# 4 hp international famous



## chuck foster (Feb 1, 2009)

dad and i went to a steam show last fall, it was held at a locale museum. after setting up our stuff we looked around in the various buildings. in the corner of one of the barns we spotted this 4 hp international famous gas engine. i asked the guy running the steam show about this engine and all he knew about it was it was donated years ago and they have never done anything with it.
so i looked the engine over to see what it would need to get it running, after about 5 minutes i determined it needed fuel and a battery and coil for the ignition.
i put some fuel in the overflow part of the carb. and hooked up a battery and coil that i use for my models and in about 5 minutes it was running. it ran very well and now one of the volunteers that works at the museum is going to restore it so it can be run at the 2 shows they have every year.





chuck


----------



## ksouers (Feb 1, 2009)

Chuck,
That's a nice old hit-n-miss. Glad you got it running.
Funny how things seem to get ignored just because it isn't running, even though all it really needs is just a little attention.


Kevin


----------



## Maryak (Feb 1, 2009)

Good One Chuck :bow: :bow:

Best Regards
Bob


----------



## te_gui (Feb 2, 2009)

Nice old screen cooled Famous, I have the 6hp version, when you get them right they are a great running engine.
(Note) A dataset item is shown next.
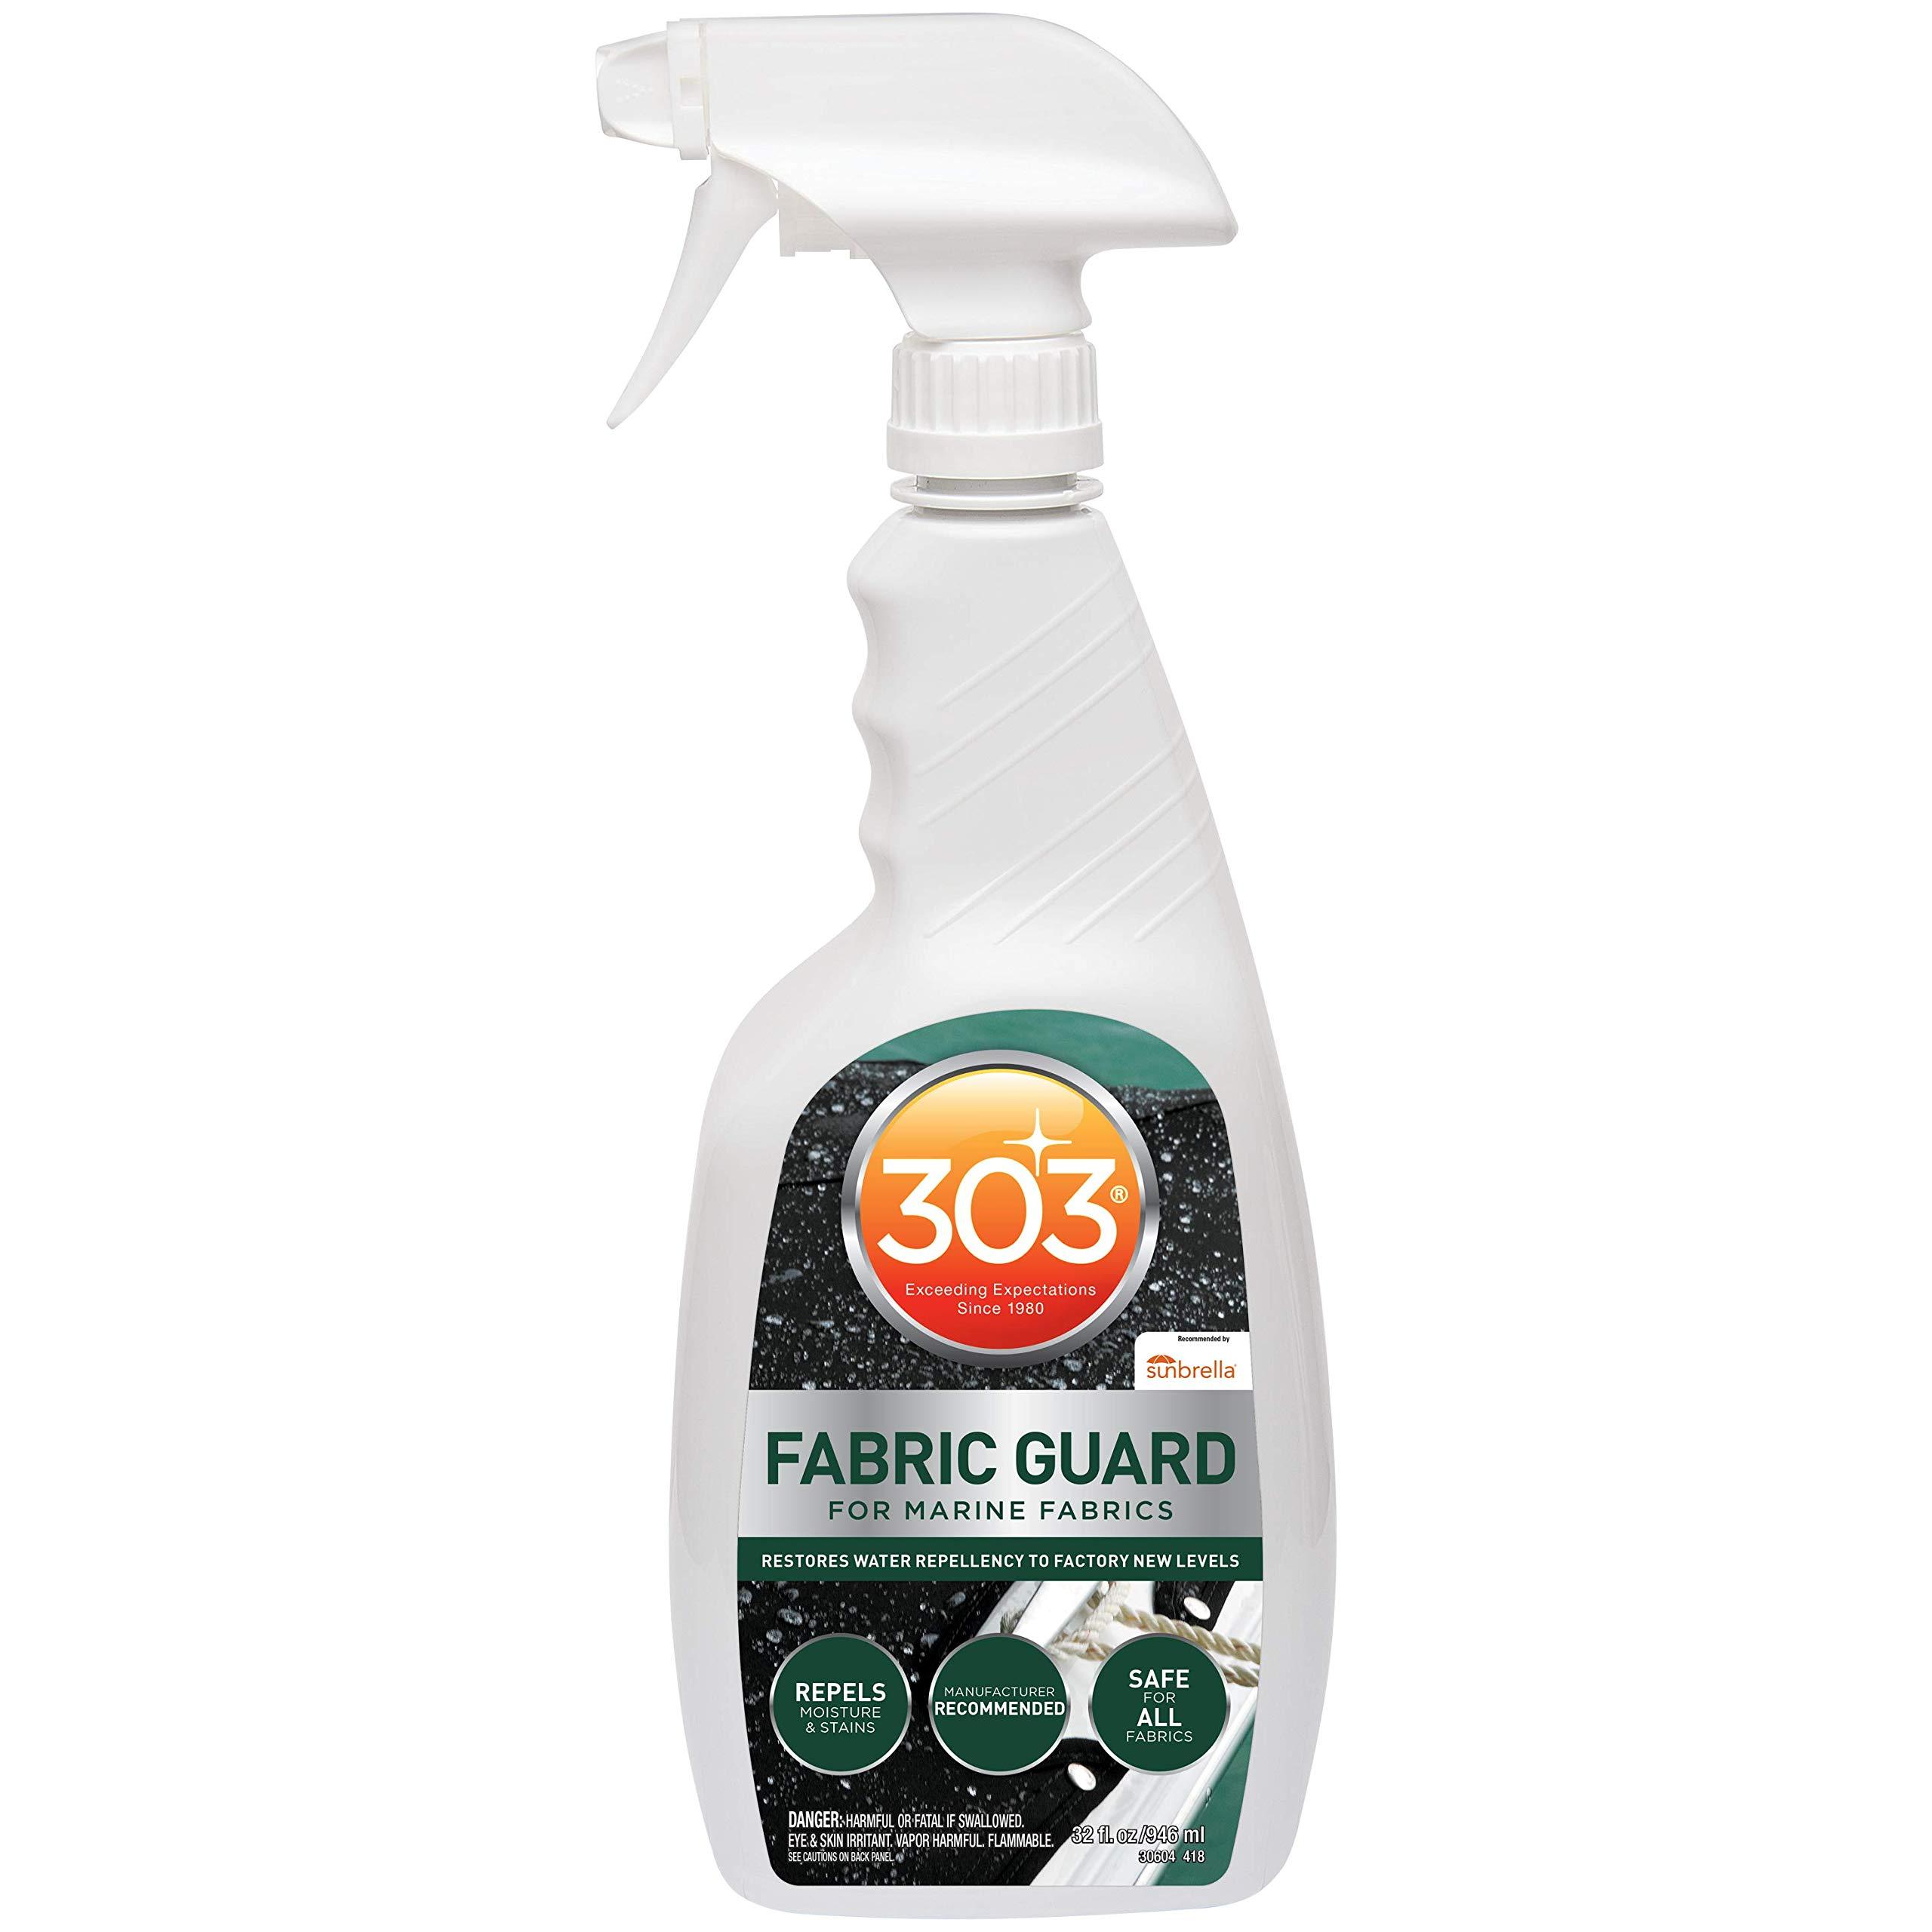 303 30604CSR (30604) Fabric Guard Trigger Sprayer, 32 Fl. oz.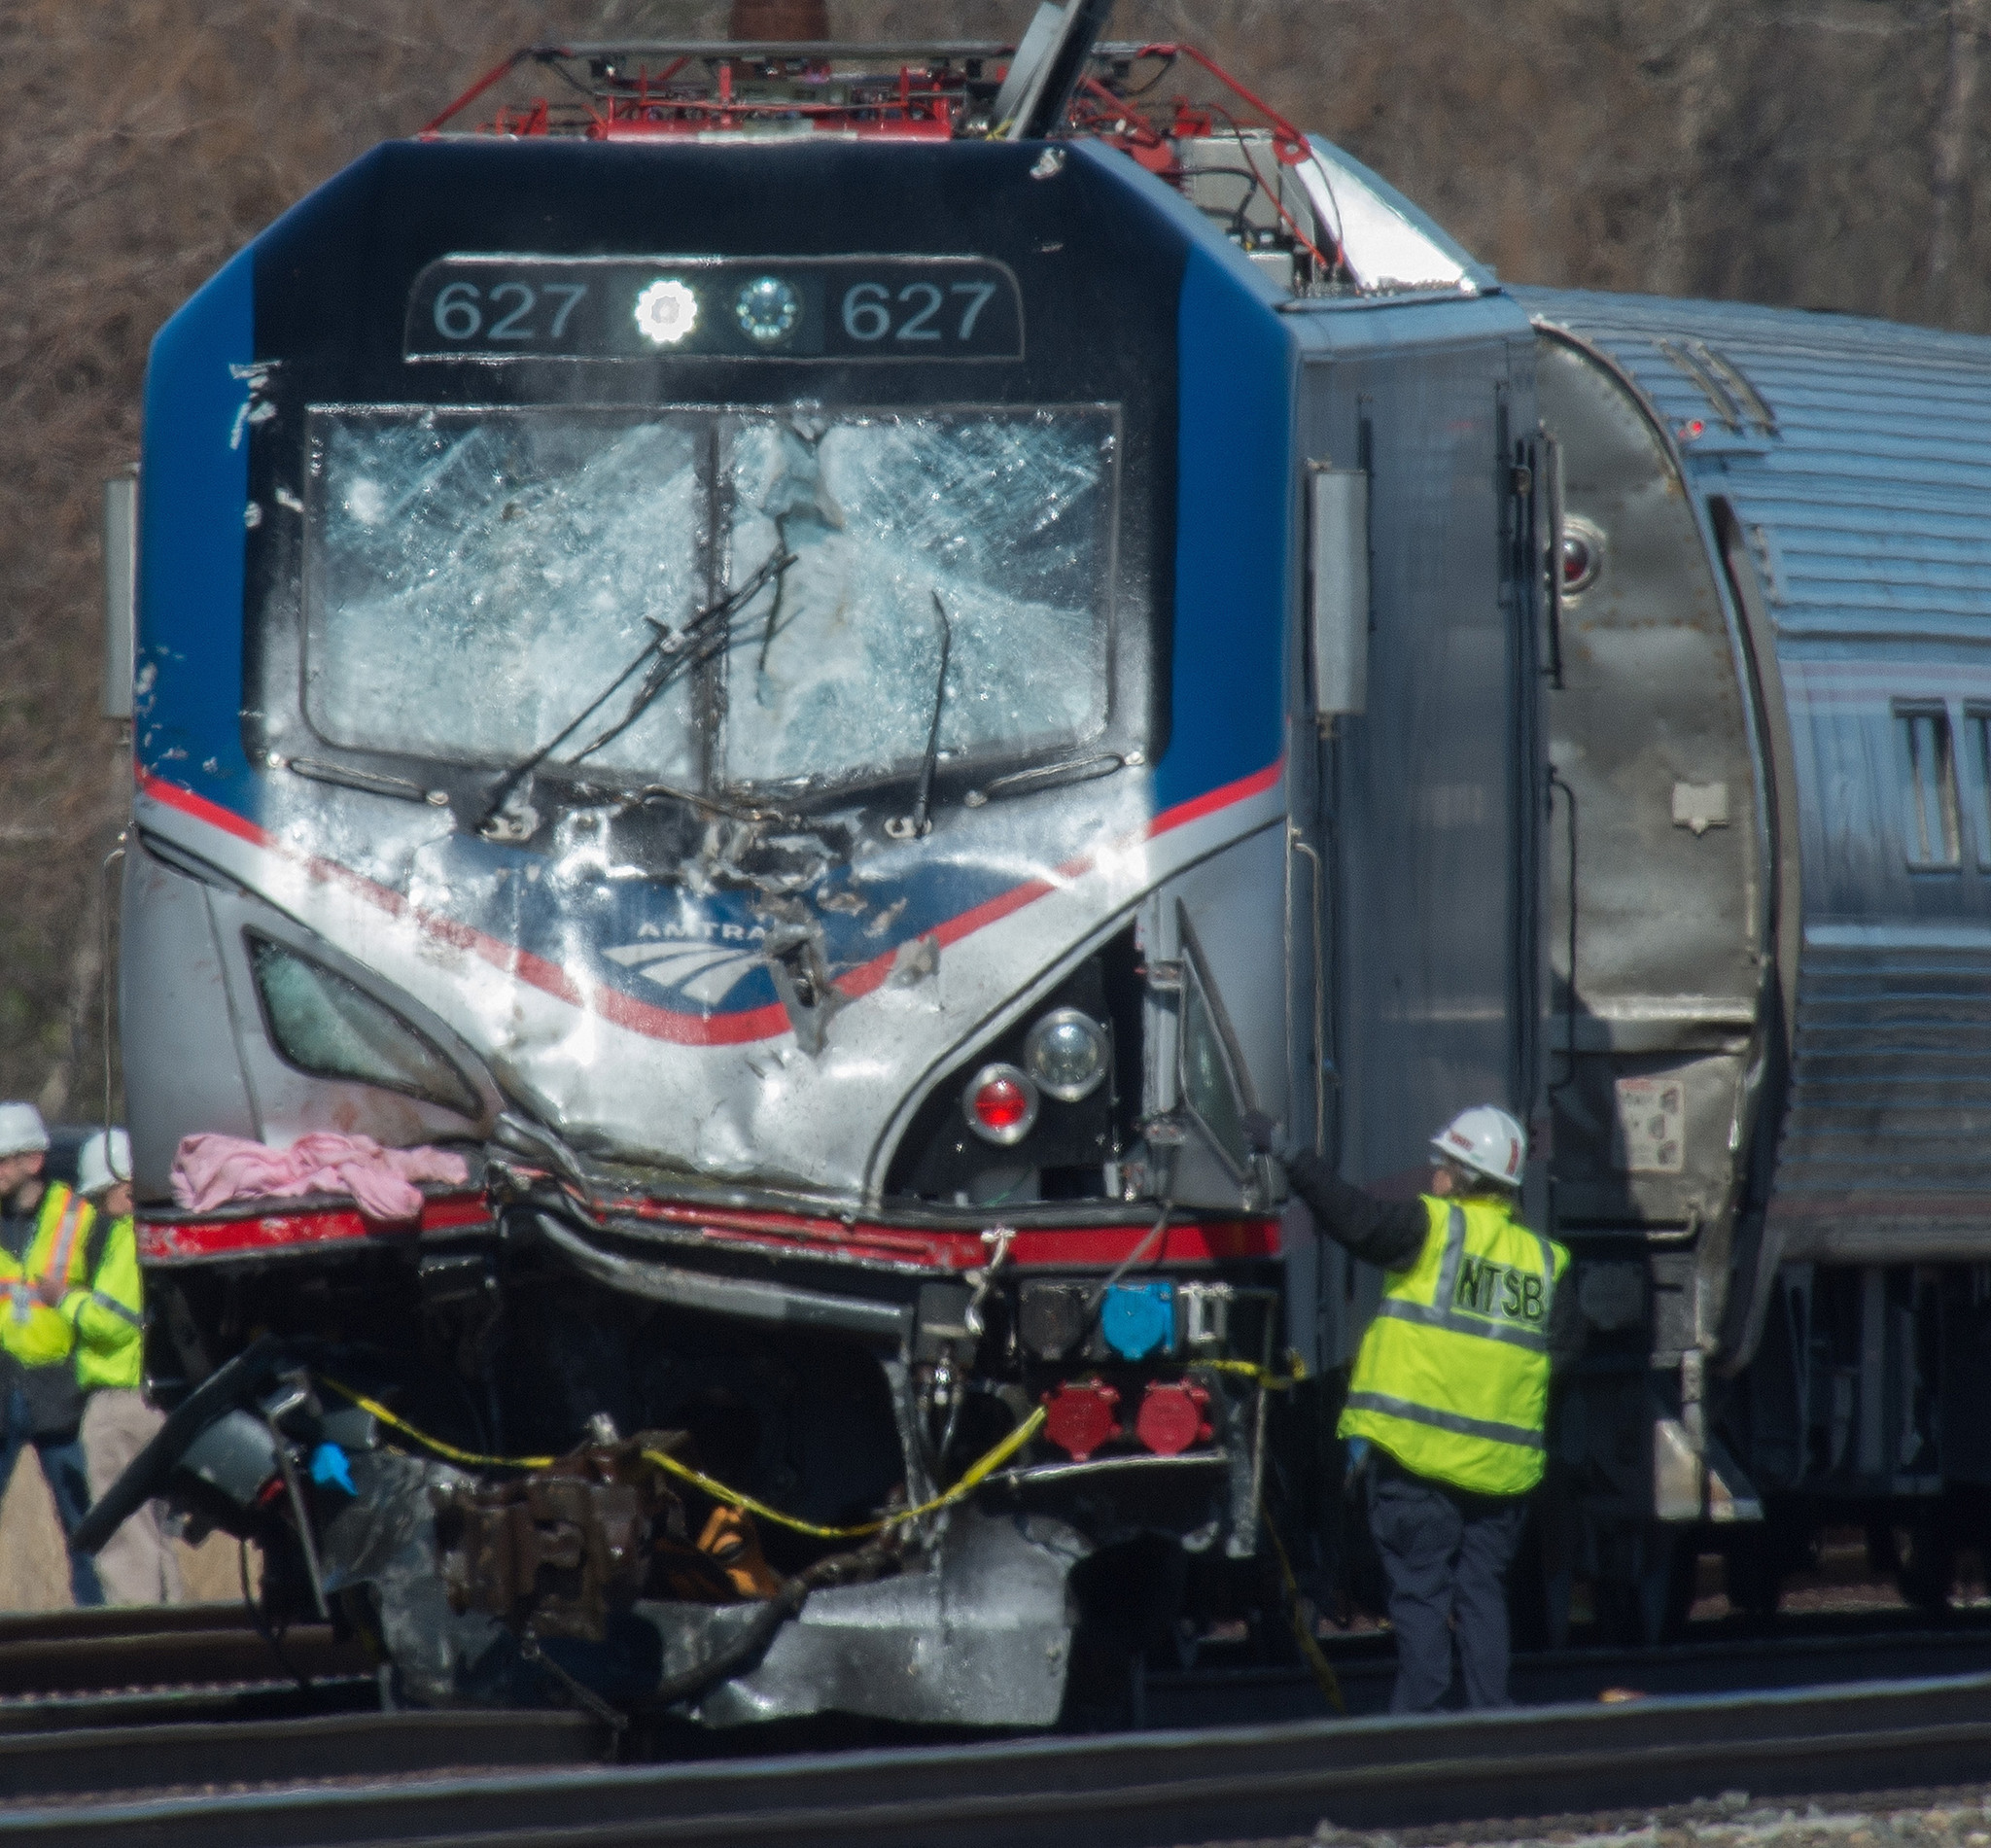 2 dead, dozens hurt in Amtrak train derailment near Philadelphia

I can slow mine down to about 50 rpm once it gets warm.

Brian


----------



## Stan (Feb 2, 2009)

I restored a couple of Internationals from the 1940s but that one looks a lot older. Was it made by International, the amalgamation of McCormick and Deering or is it a completely different company? Have you dug up any history on it?


----------



## chuck foster (Feb 11, 2009)

don't know much about the history of the engine but i would think it was built around 1906 to 1917 era.
this engine was built by the internation harvester company in chicago illinois. 
thats about all i know about the engine. 
i hope to run it again at the next show.

chuck


----------



## Stan (Feb 12, 2009)

As a young fellow in the 1940s, I worked with both McCormick, Deering and McCormick-Deering farm machinery as well as International Harvester. Not thinking that the machinery could be approaching fifty years old, I am surprised to see that Wiki says the amalgamation occurred in 1902. Your time estimate is quite likely correct.


----------